Value of ¹²³I-MIBG scintigraphy in the evaluation of NB metastasis

¹²³I-MIBG scintigraphy showed 25 (32.9%) positive findings and 51 (67.1%) negative findings for metastasis diagnosis, of which, 57 [negative: 34 (44.7%); positive: 23 (30.2%)] were consistent with the gold standard. Additionally, there was a statistically significant difference between the NB patients with and without metastasis using ¹²³I-MIBG scintigraphy, which had an AUC of 0.760 (95% CI: 0.649–0.870), a sensitivity of 57.5%, a specificity of 94.4%, a PPV of 92.0%, and a NPV of 66.7% (Table 2).

Value of multi-parameter diagnostic model in the evaluation of NB metastasis

We subsequently developed a diagnostic model by logistic regression analysis that incorporated parameters such as ¹²³I-MIBG scintigraphy, MYCN gene amplification status, chromosome 11q23 aberration, radiotherapy, and BM-MRD based on the PHOX2B gene. The multi-parameter diagnostic model had an AUC of 0.907 (95% CI: 0.834–0.979), and a sensitivity, specificity, PPV, and NPV of 82.1%, 87.9%, 88.9%, and 80.6%, respectively (Table 2 and Figure 2). Notably, the DeLong test revealed that our model had a significantly better ROC curve than that of ¹²³I-MIBG scintigraphy alone (Z=3.964, P<0.001).

Figure 2 ROC curves of ¹²³I-MIBG and the multi-parameter diagnostic model. AUC, area under the curve; MIBG, metaiodobenzylguanidine; ROC, receiver operating characteristic curve.

Discussion

NB is a malignant tumor, and 70% of NB patients exhibit metastasis at diagnosis (31). The early and accurate assessment of metastasis is helpful in selecting the optimal treatment and improving prognosis (32). However, only a few studies have been conducted on the development of diagnostic models for finding metastases in patients. Our findings suggest that ¹²³I-MIBG scintigraphy can effectively monitor metastasis in pediatric NB patients, but its sensitivity needs to be improved. Combining clinical parameters (i.e., BM-MRD, MYCN gene, chromosome 11q23, and radiotherapy) with ¹²³I-MIBG scintigraphy can significantly enhance the diagnostic efficacy of metastatic disease models for in NB patients.

The most common site of metastasis is the bone/BM, which always means a worse prognosis (33). BM aspiration biopsy has been the gold standard for assessing NB metastasis in BM for many years; however, its sensitivity is limited when the NB cell contamination is <10%, and it can seriously underestimate the prevalence of BM infiltration (34). Therefore, more sensitive and accurate methods for the detection of MRD are needed. Currently, methods targeting single tumor cells such as FCM and qRT-PCR are widely used; however, despite enhanced sensitivity, the issue of false-negative results from sampling site variability remains unresolved (34). In comparison to qRT-PCR, FCM has a number of advantages, such as rapidity, wide coverage, simplicity of execution, and cost effectiveness (35). However, its further application is limited due to its lack of sensitivity and the potential for immune phenotypic changes in NB cells during treatment (36).
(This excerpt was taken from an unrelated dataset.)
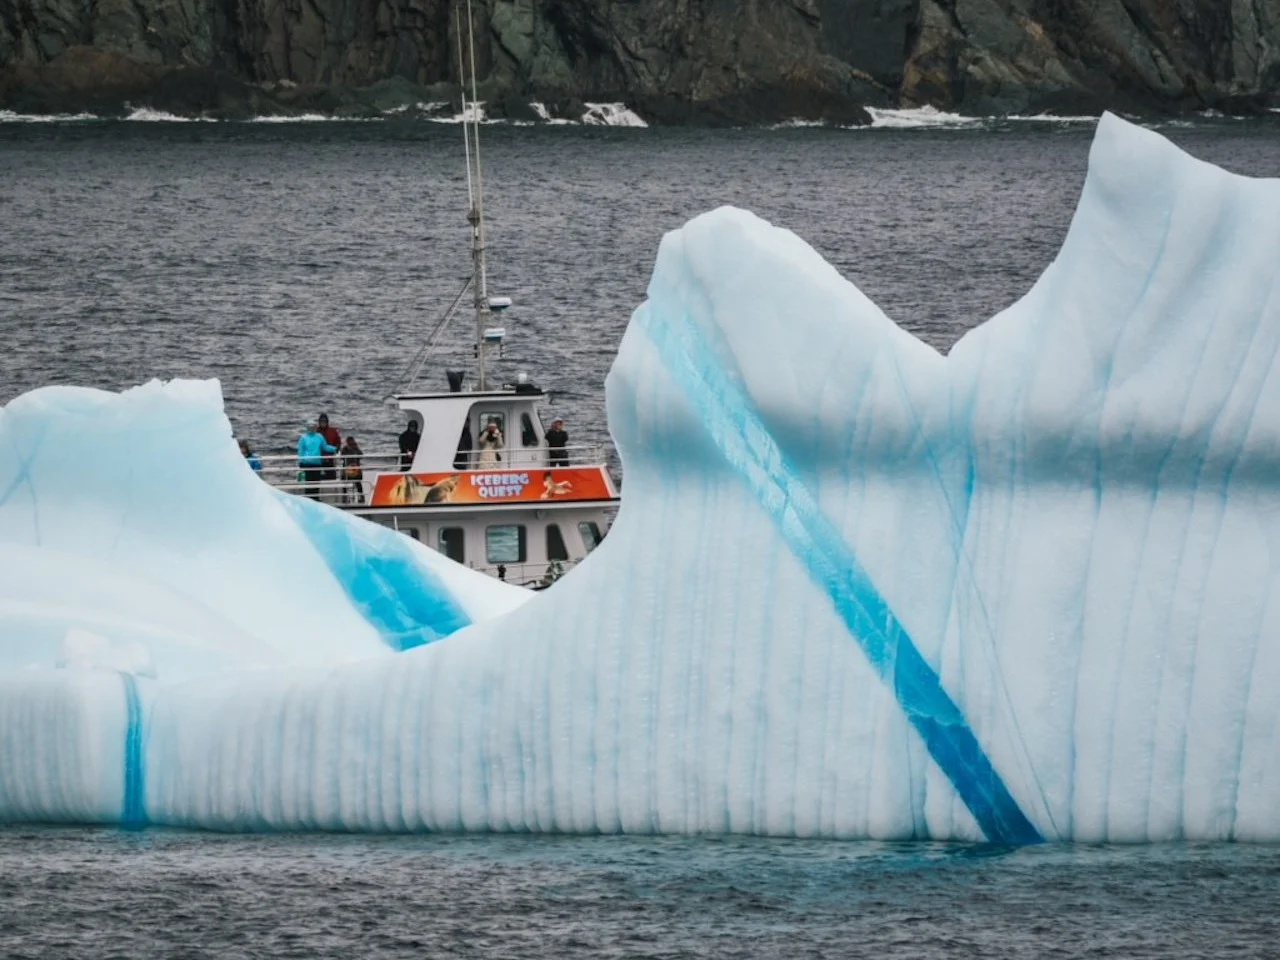 'Iceberg capital of the world' anticipating a strong, scenic season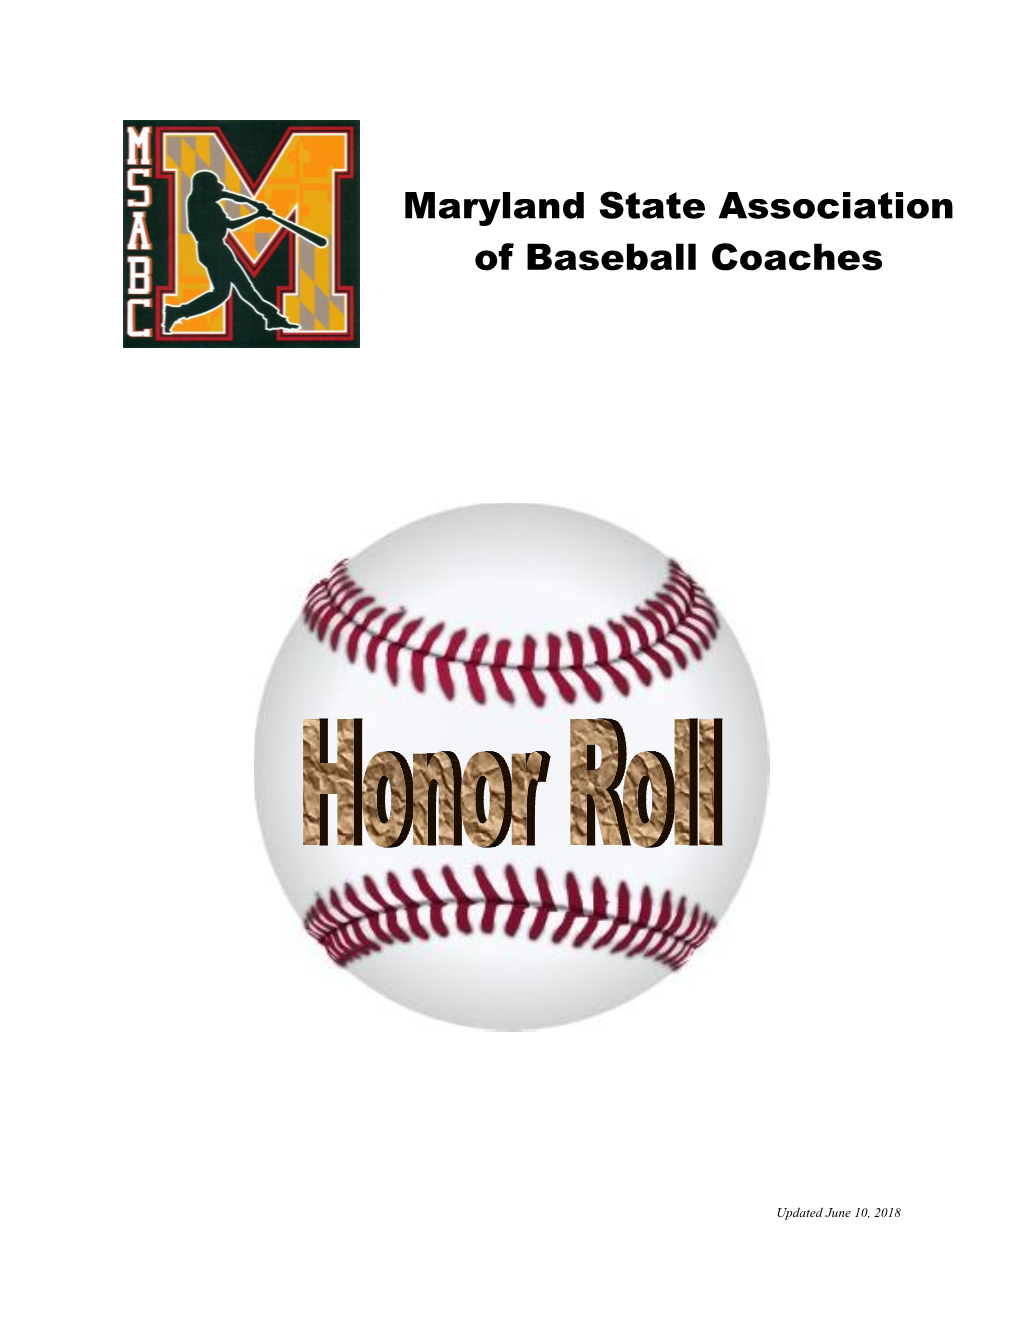 Maryland State Association of Baseball

¹²³I-MIBG scintigraphy is an optimal tumor-specific imaging technique and is the preferred functional imaging method for the diagnosis, staging, prognosis prediction, and assessment of the therapeutic response of NB. ¹²³I-MIBG uptake is observed in 90% of NB cases, enabling the identification of sites with metastatic disease (37). A single-institution retrospective analyses confirmed that ¹²³I-MIBG imaging is more likely to detect metastatic disease than anatomic imaging (19). Many previous studies have shown that ¹²³I-MIBG scintigraphy has a high level of sensitivity and specificity (38,39). One study reported that its sensitivity varies from 67% to 100% (40). The efficacy and reproducibility of ¹²³I-MIBG scintigraphy make it an important component in the diagnostic evaluation of patients with NB.

Our study showed the clinical significance of ¹²³I-MIBG scintigraphy in distinguishing between patients with and without metastasis, and its superior diagnostic efficacy (AUC: 0.760). Consistent with previous reports, our study reported a specificity rate of 94.4%, but a sensitivity of only 57.5%, which was slightly lower than that reported in previous studies. However, Liu et al. reported a sensitivity of 61%, which is consistent with our findings. The difference in sensitivity could be attributed to: (I) the limited resolution; (II) the presence of small lesions near the site of physiological MIBG uptake; and (III) myelosuppression after chemotherapy (30). For example, among the ¹²³I-MIBG negative patients, there was one case in which ¹²³I-MIBG scintigraphy produced a false-negative result; however, this might have been due to the close proximity between the time of the child’s chemotherapy and the scan, which were only 14 days apart (Figure 3).

Figure 3 A 7-year-old boy was found to have a left adrenal mass, which was resected and confirmed to be stage 4 and high-risk NB. (A,B) The purpose of the ¹²³I-MIBG scan, which was performed 14 days post-treatment, was to assess the efficacy of chemotherapy and evaluate metastasis. No metastatic lesions were detected. (C-E) The axial images showed no ¹²³I-MIBG uptake in the primary tumor site. BM-MRD and flow cytometry were performed four days later. The BM-MRD was 40.21×10^–4, and FCM was also able to detect NB cells, but the number was below 0.001%. BM, bone marrow; FCM, flow cytometry; MIBG, metaiodobenzylguanidine; MRD, minimal residual disease; NB, neuroblastoma.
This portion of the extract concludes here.